Assertions are pretty tragic, aren’t they? They kill the program when they trigger. And they are also easy to misuse, for writing an assertion does not require changing any APIs in regards to error codes. When working on existing code, one can misplace an assertion in a code path where an actual error check should be used. The reasons are varied: expedited “totally-safe one-line fixes”, programmer inexperience, honest mistakes when assuming a piece of data is sane when it isn’t, etc.

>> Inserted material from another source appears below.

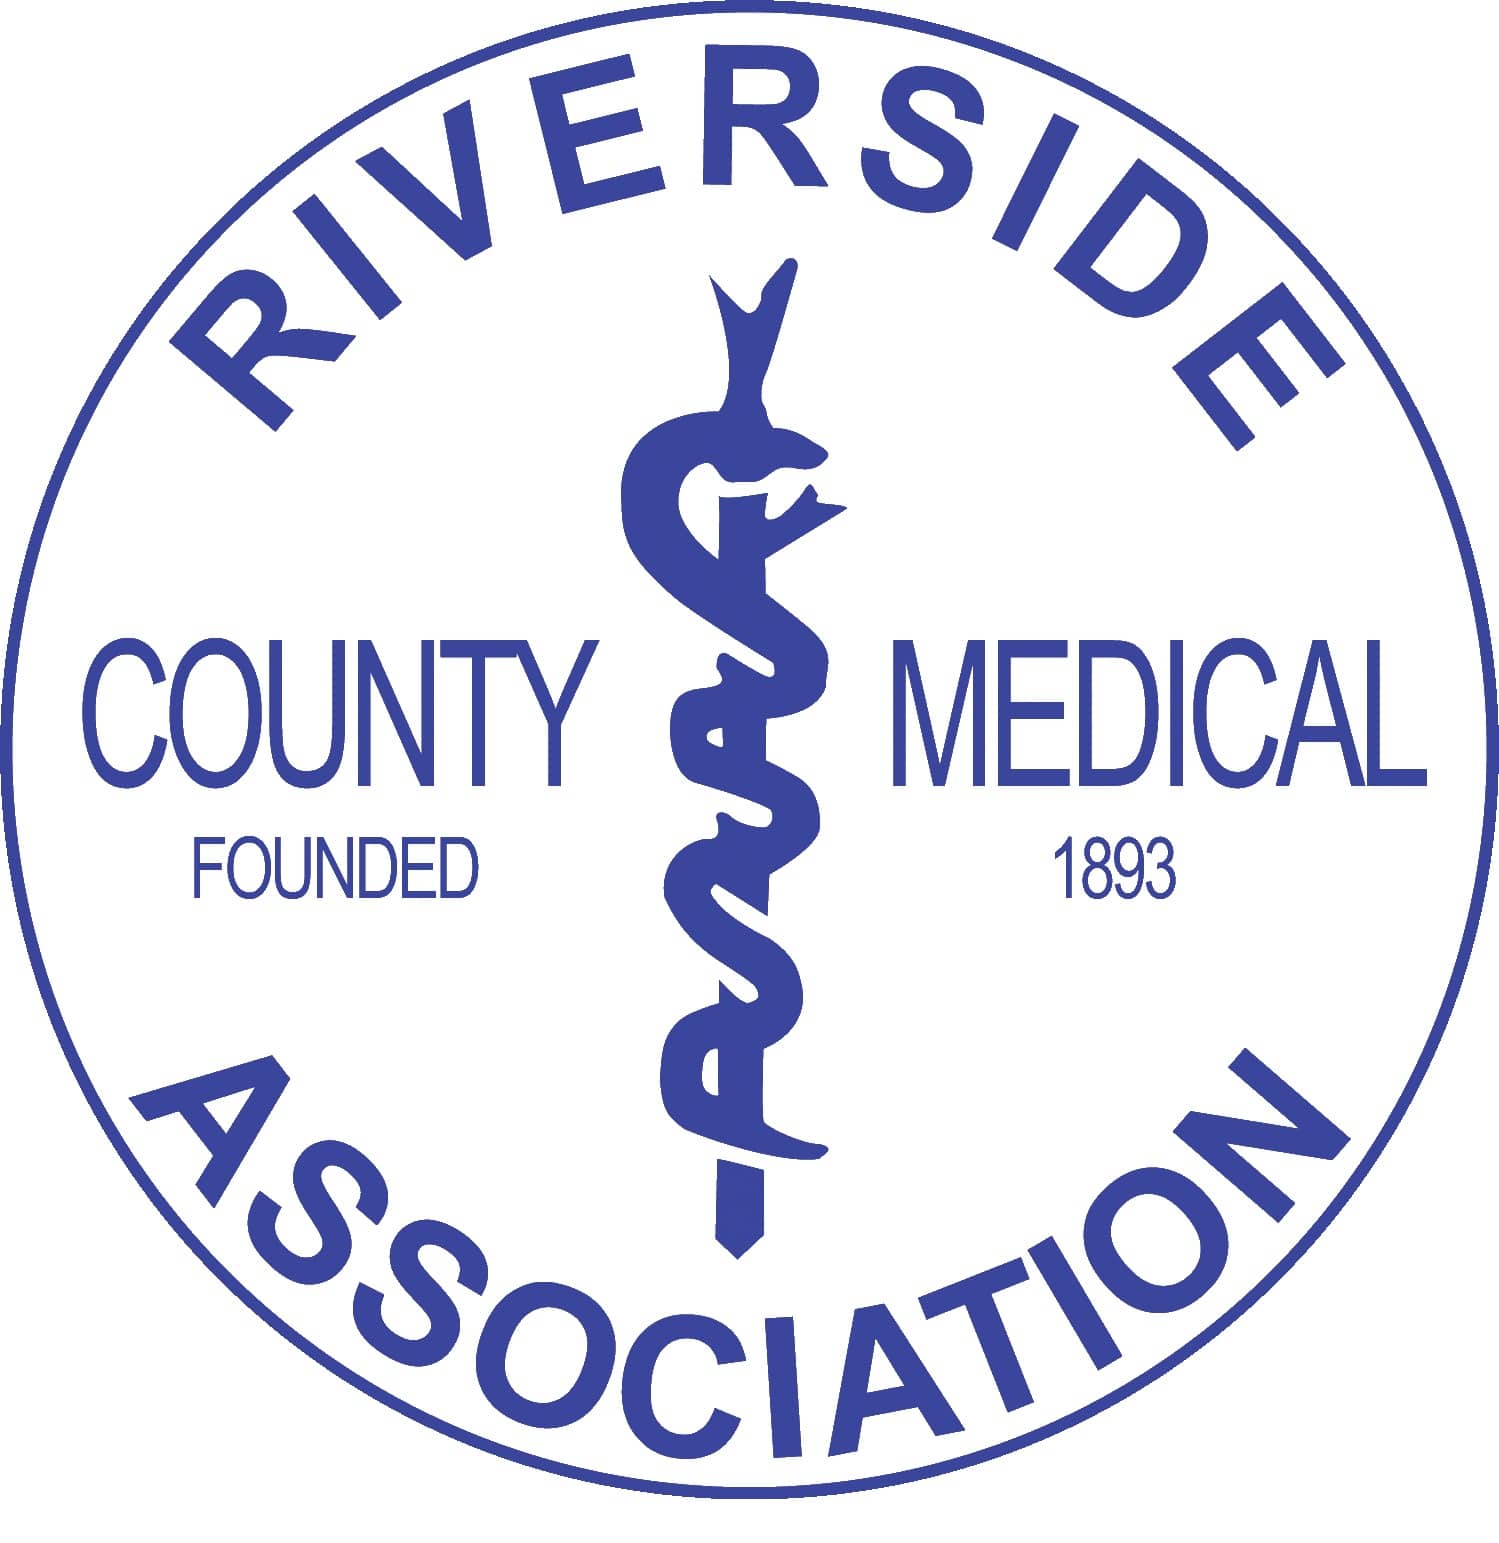 Riverside County Medical Association
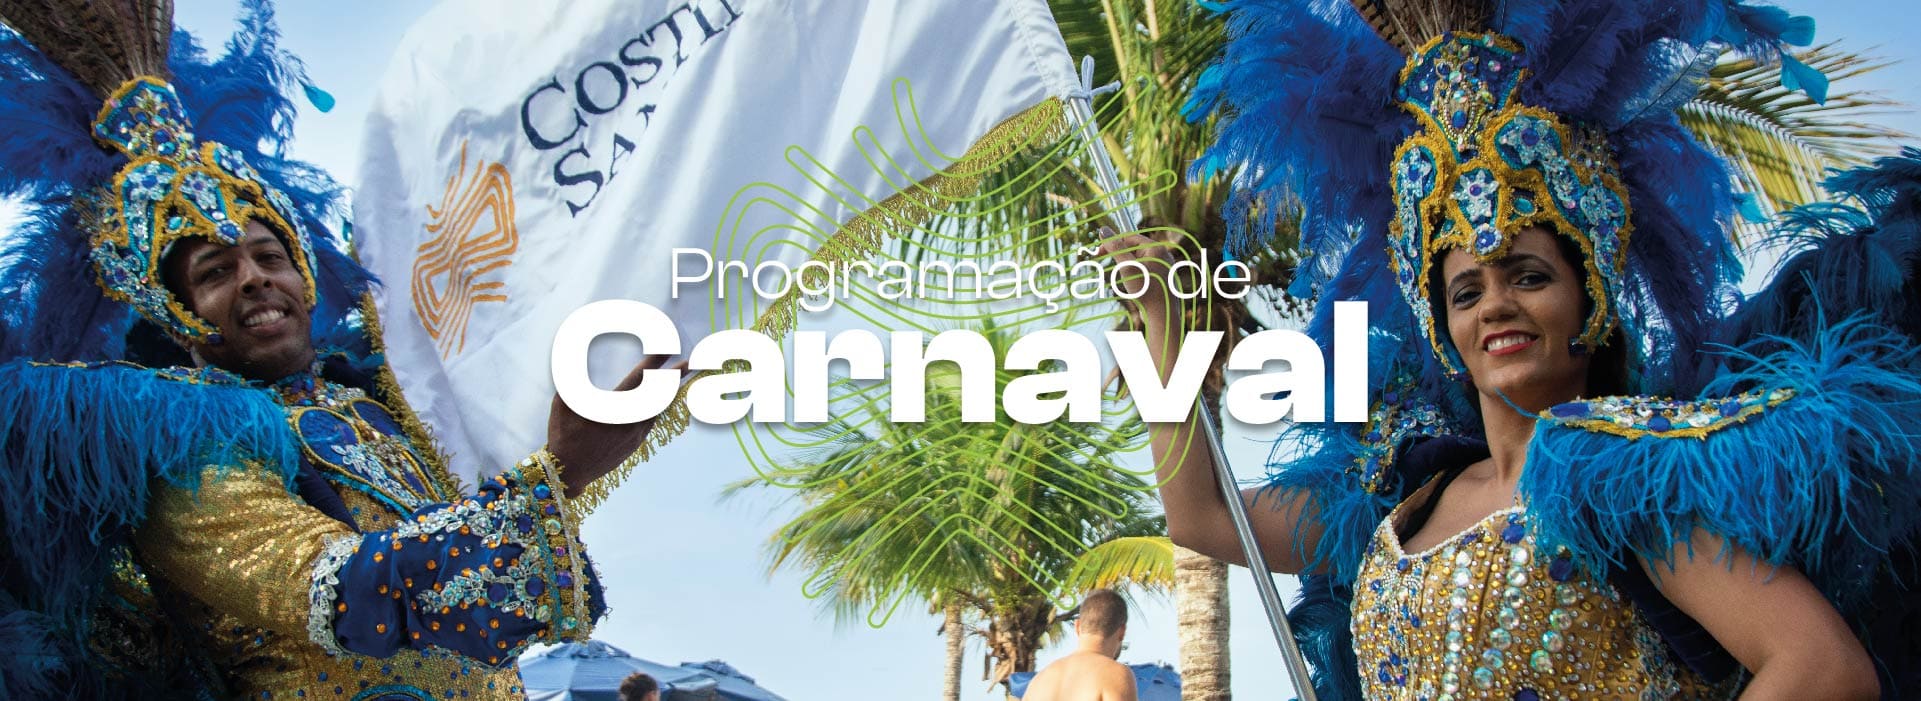 5. Carnaval

To illustrate the problem assertions can cause, let’s talk about a specific query of death (QOD) problem.
The disaster
Let’s consider a distributed system composed of a single frontend controller and a set of backend servers, each responsible for a different part of a dataset. The frontend server receives user requests and redirects them to the backends. One of such requests is a textual search query that requires the frontend to contact all backends for processing.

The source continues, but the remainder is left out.